For the first Windows phones, the idea was to put the "classic" Windows interface on a phone. It didn't work well, because using a hand-held device with a small screen and small or no keyboard is a totally different user experience than sitting at a desk or laptop with a full keyboard. The classic Windows interface is very inefficient on a small device. Clicking through a "start" menu and subsequent layered menus was rather painful and unnecessary on a device with relatively few things to do in the first place.
So now, Microsoft has tried the reverse and put their new (and much better defined) phone interface on the desktop. But the problem is the same. It's still two totally different experiences. The phone interface is very inefficient on a desktop/laptop device. I don't want to take my hands off the keyboard and constantly be smudging my screen.
Personally, I don't want the same interface on both devices because I use them very differently. All I do want to do on both is to be able to access the same data. Having access to the same data does not necessarily mean having to access it the exact same way.
But in our dumbed-down world, the tech industry has accepted the notion that people are not capable of learning more than one interface. Those of us who do actual work with computers are left to be annoyed.

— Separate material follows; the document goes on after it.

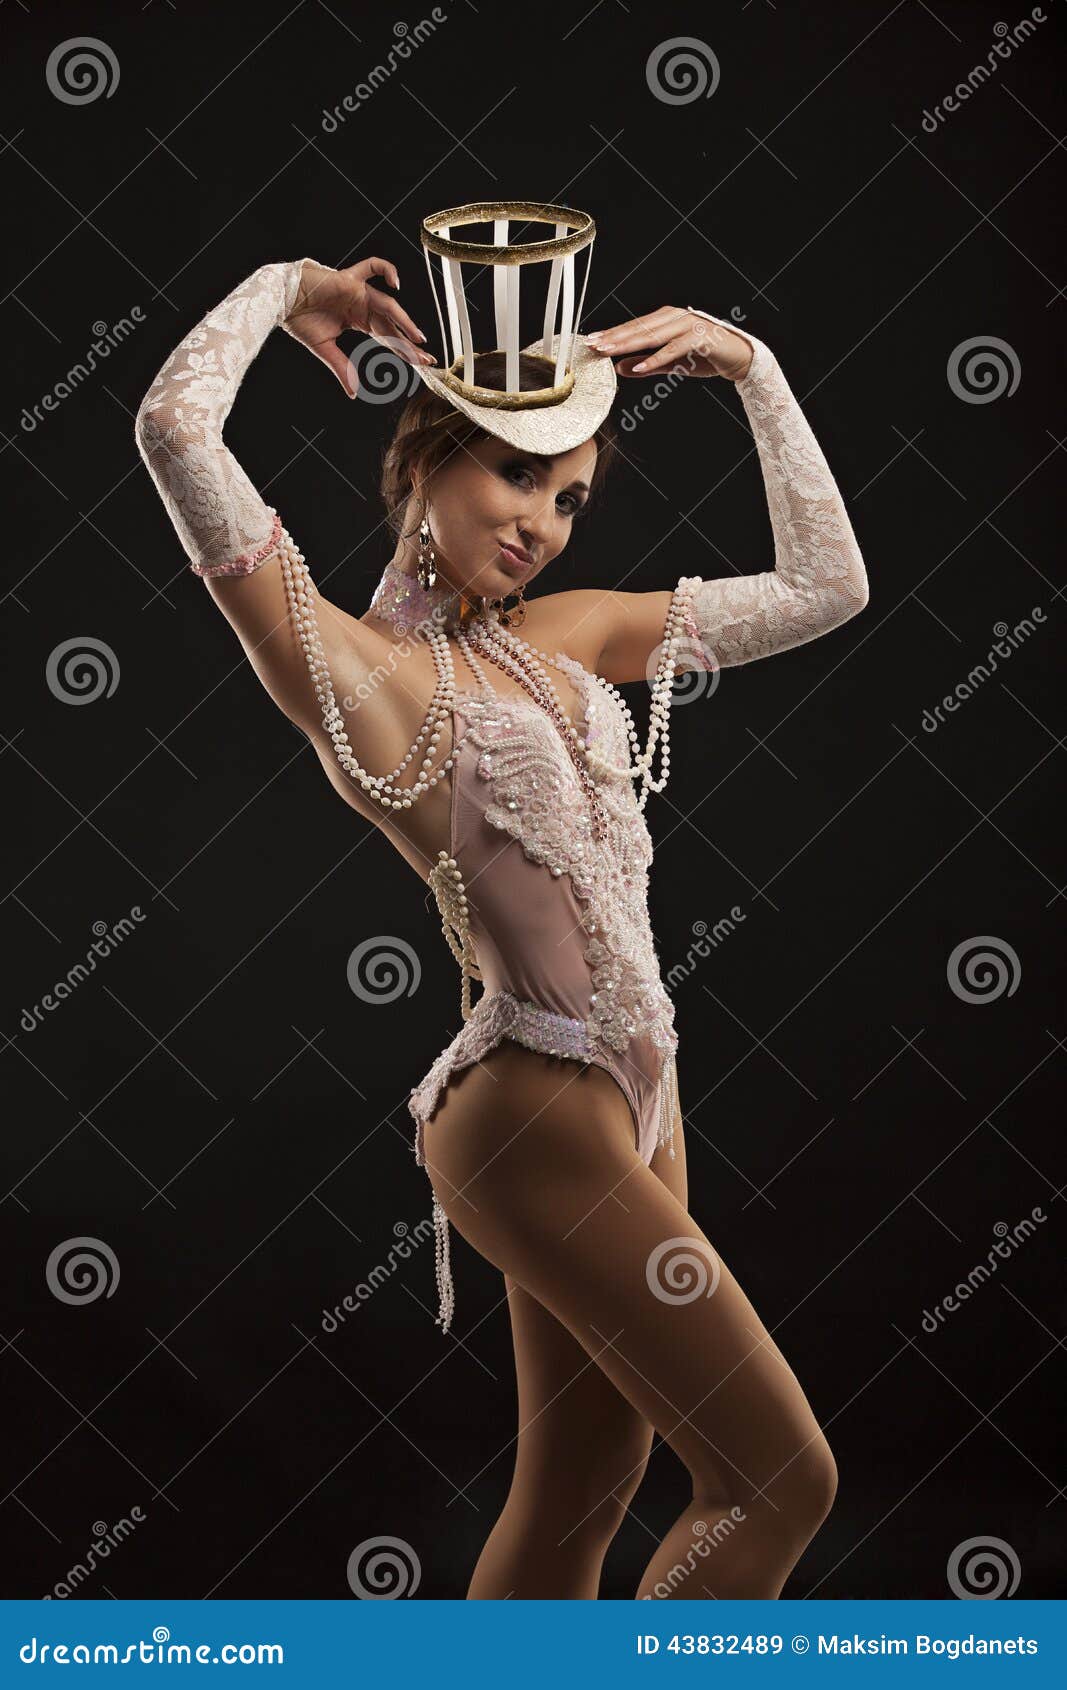 burlesque dancer in white dress with hat
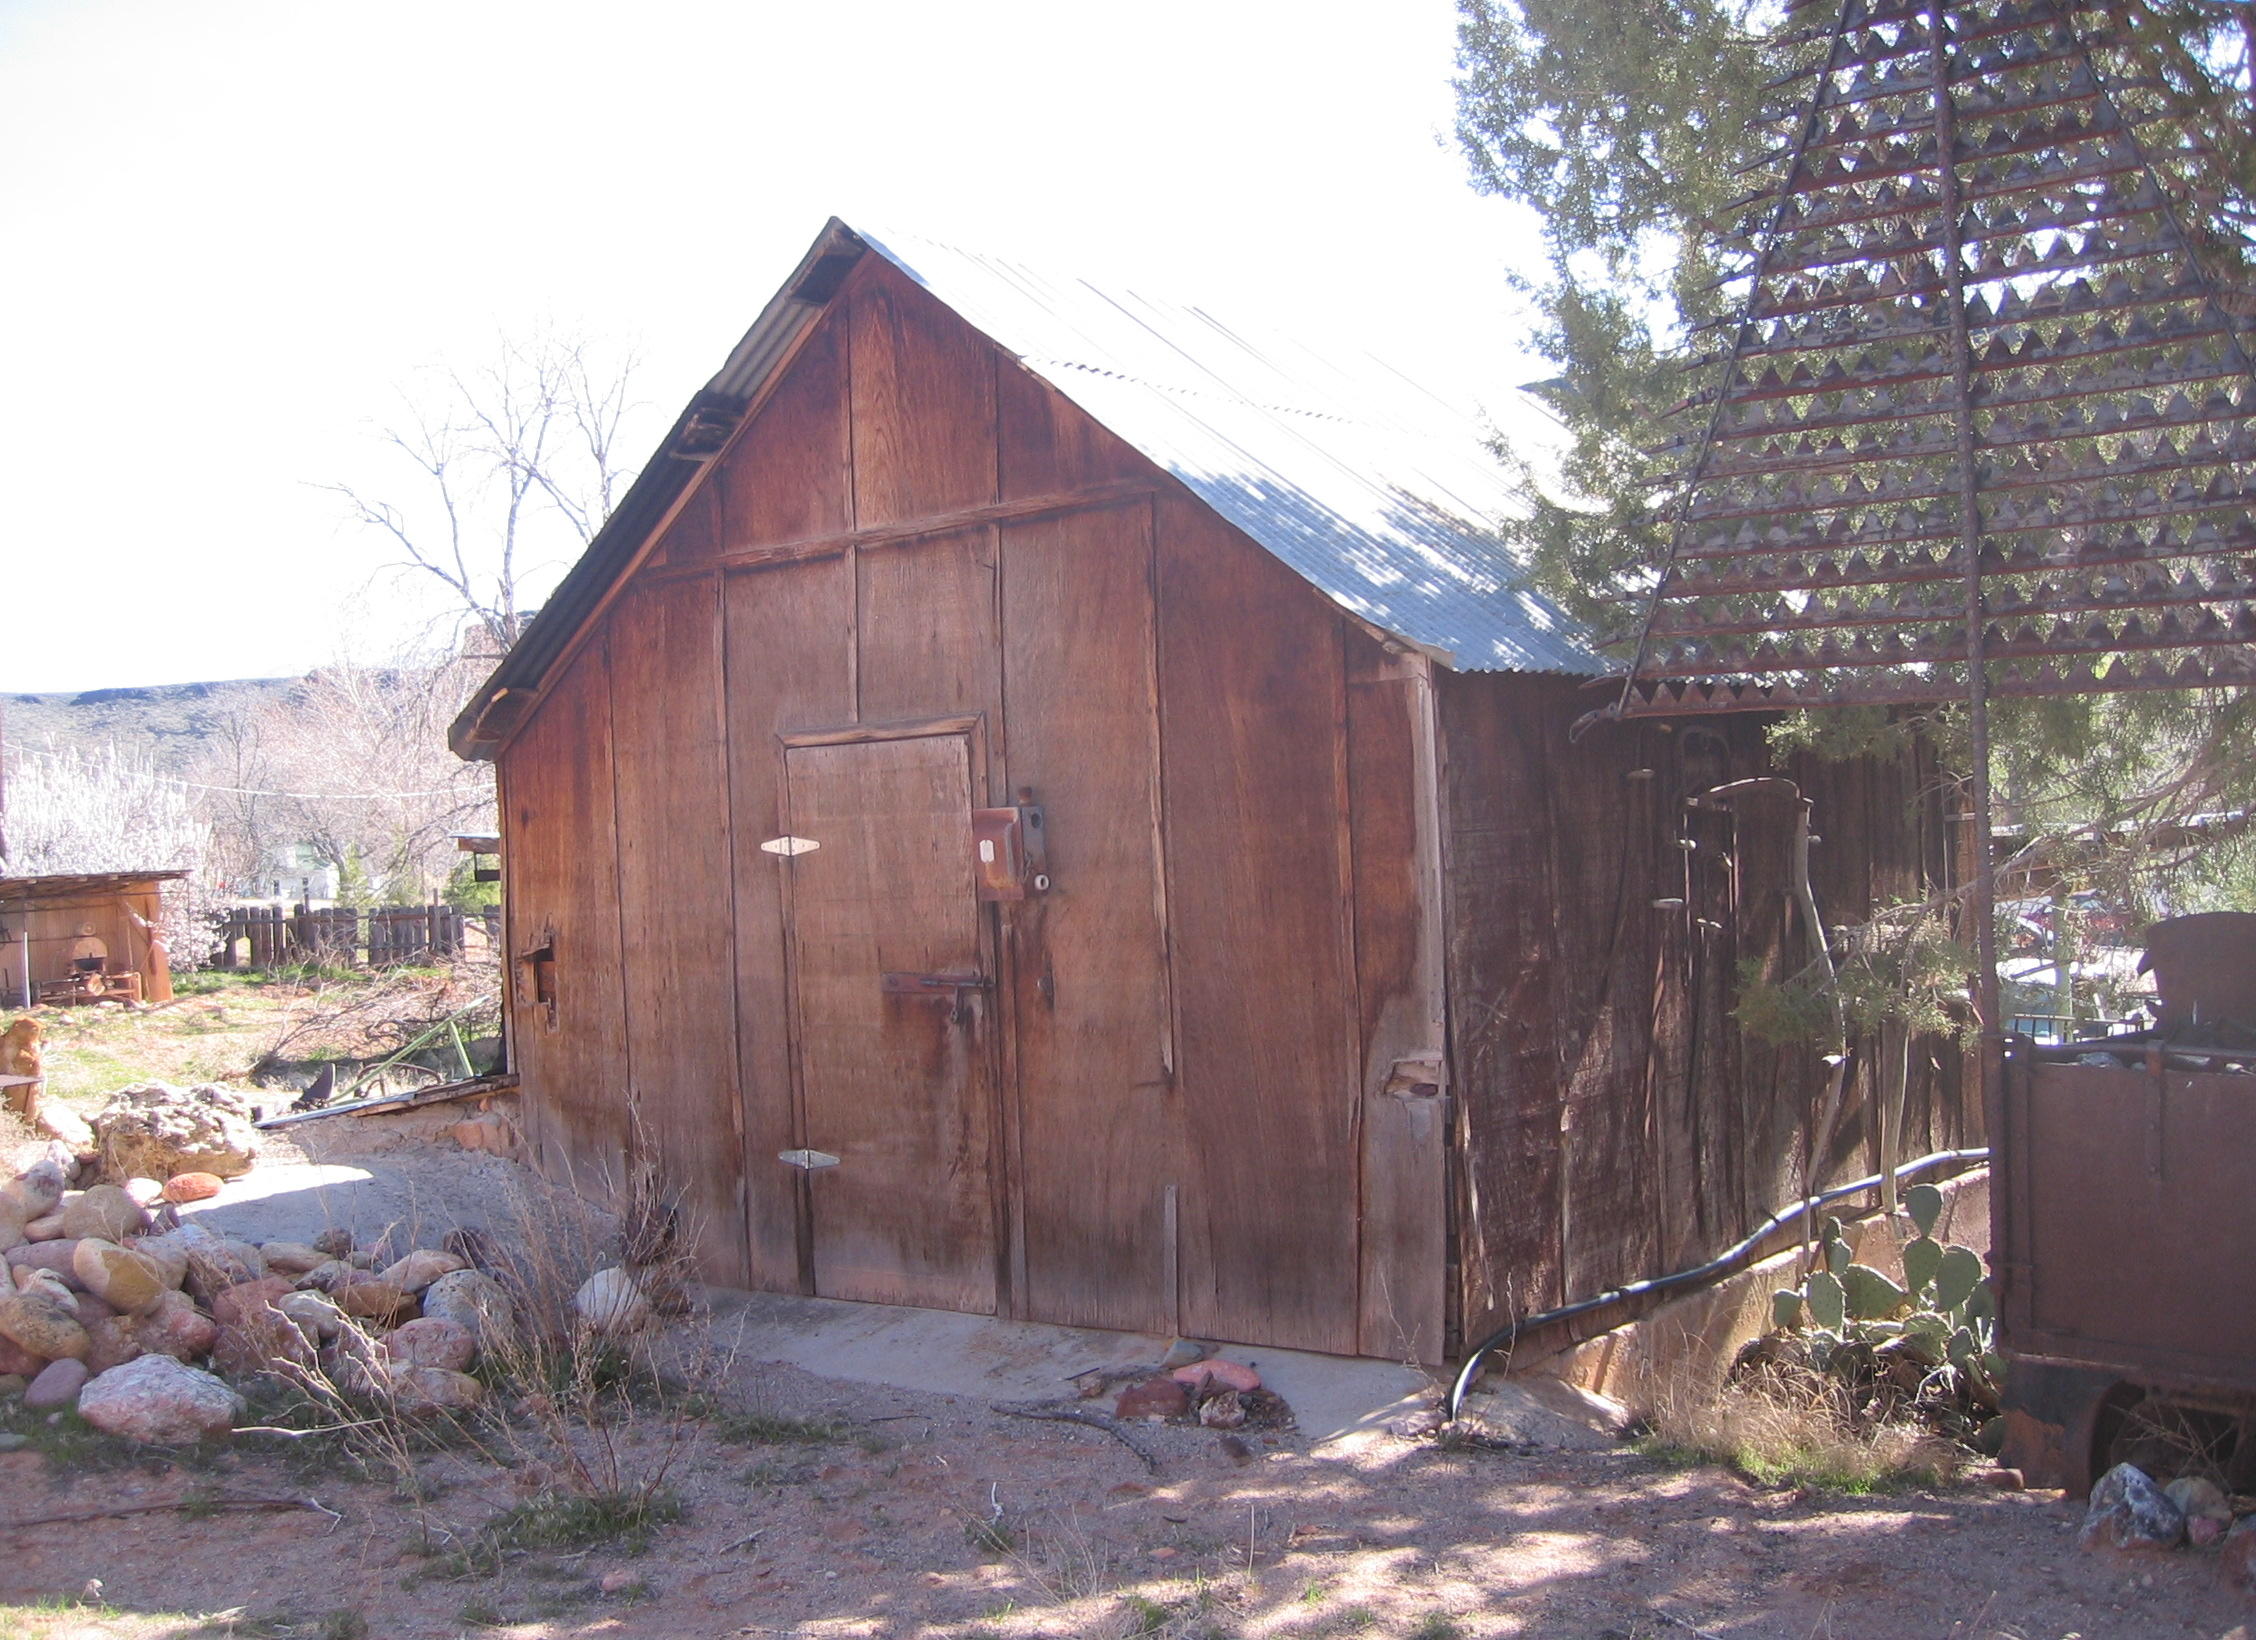 Shed at the Milt Holt home

@riverat1 Probably keep them and pay Microsoft for "extended support" like many governments are. Since these systems are well firewalled and aren't directly touched by users beyond the very limited ATM interface, there's little more direct threat to these systems than any other. I have many clients with XP systems that run specific tasks that are not directly connected to the Internet that we will not be replacing soon because there is little reason to.
@Hates Idiots@operator2001Not if they have an active USB port that a keyboard is plugged into. That's right, a keyboard. Someone can take down any Win. computer, using the rights of the person currently logged on, by just sticking in a special thumb drive for 30 sec. How? Windows thinks it's a keyboard, and it will "type" the hack. There is no defense, other than turning off all USB ports (and PS/2 ports) and physically protecting the PC from attacker access. Is that currently done in millions of stores everywhere? What do you think??
@JohnMcGrew@riverat1Just make sure they are physically secure. Unless the ATM has no USB ports, or all ports are turned off and the operators cannot reboot the ATM & get to the BIOS, they are not secure. Someone, after all, has to take checks out and put cash in...
Nope, it has nothing to do with the keyboard. It's simply just a virusprogram like any other and doesn't need to 'type' anything. A thumb drive is just like a floppy or a CD, so the same precautions apply that have done so since the invention of the floppydrive. And why would You let anyone do that to Your computer, You don't give them Your bankcards either, or leave Your car unlocked, right? That thumb drive can't just do that out of thin air. Anyway it's moot, because an updated AV prevents that anyway.
And as long as You have a firewall and AV (not Microsoft's of course), You can have any flavour of computer and OS connected to the internet. It's not the OS, it's the firewall and AV that matter.